Hubbard claims that whenever he has investigated the background of a critic of Scientology he has found crimes. I shall stick my neck out and say that that doesn't surprise me in the least. If you investigate anyone you will find crimes. If you ask anyone if they have ever broken the law, they will invariably say yes. I understand it's a standard part of police training. So criminality isn't particular to the critics (nor for that matter Scientologists).

For those unfortunate critics who were once Scientologists themselves, the Church need only check out their auditing files to find dirt on them, breaking a fundemental agreement of confidentiality. This is akin to a confessional priest using confessions to press-gang members of his congregation into staying within the church. To make it even worse, the Church would ordinarily use that information to demonstrate that Scientology works! If you're in Scientology your (prior) crimes are "proof" that Scientology reforms people, but when someone leaves the Church, it is as though they have lost their reformed character as well. But as I've said, the accusations of criminality are just a distraction, an attempt to place critics on the backfoot.

To that end it's no defence at all. One cannot prove Narconon works by libelling Touretzky.


In reading for this post I came across the following from the end of an LA Times article by Robert W. Welkos and Joel Sappell entitled Burglaries and Lies Paved a Path to Prison.
Boston attorney Earle C. Cooley, Scientology's national trial counsel, said the present church management does not condone the criminal activities of the old Guardian Office. He said that one of Hubbard's most important dictums was to "maintain friendly relations with the environment and the public."

"The question that I always have in my mind," Cooley said, "is for how long a time is the church going to have to continue to pay the price for what the (Guardian Office) did. ... Unfortunately, the church continues to be confronted with it.

"And the ironic thing is that the people being confronted with it are the people who wiped it out. And to the church, that's a very frustrating thing."
The answer to Cooley's question is to stop libelling people, to pursue Hubbard's dictum of "friendly relations" and see that fair game and dead agent tactics are not a part of it. The lay person knows very little about Scientology beyond its "cooky cult" status. When Scientology attacks its critics all it does is fulfil the ideas people have about it.

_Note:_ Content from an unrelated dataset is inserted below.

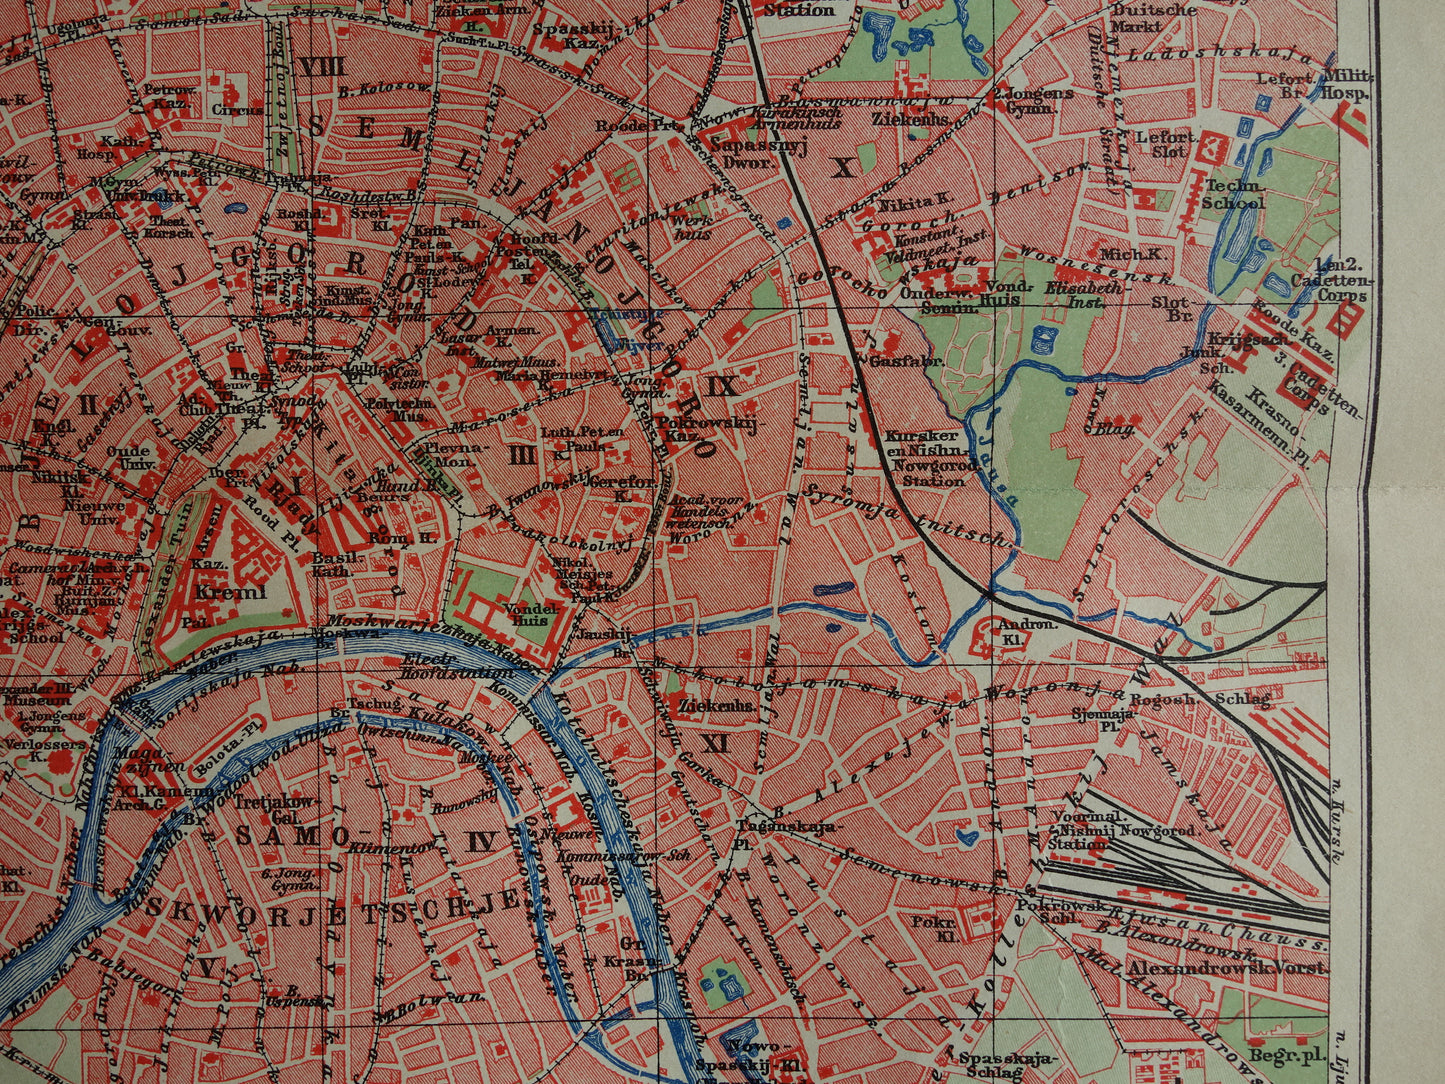 MOSKOU Oude kaart van Moskou uit 1910 originele Nederlandse antieke plattegrond

1 A falsifiable claim is not a false claim, merely one that can potentially be proved false by experiment. The term falsifiable is used because science sets itself up to disprove theories. A scientist posits A, an experiment is created to prove A false, A is not proved false by the experiment, so A becomes part of orthodox science. A later experiment proves A false. A scientist posits theory Aa, which seeks to explain the results of both experiments. This is the nature of scientific progress.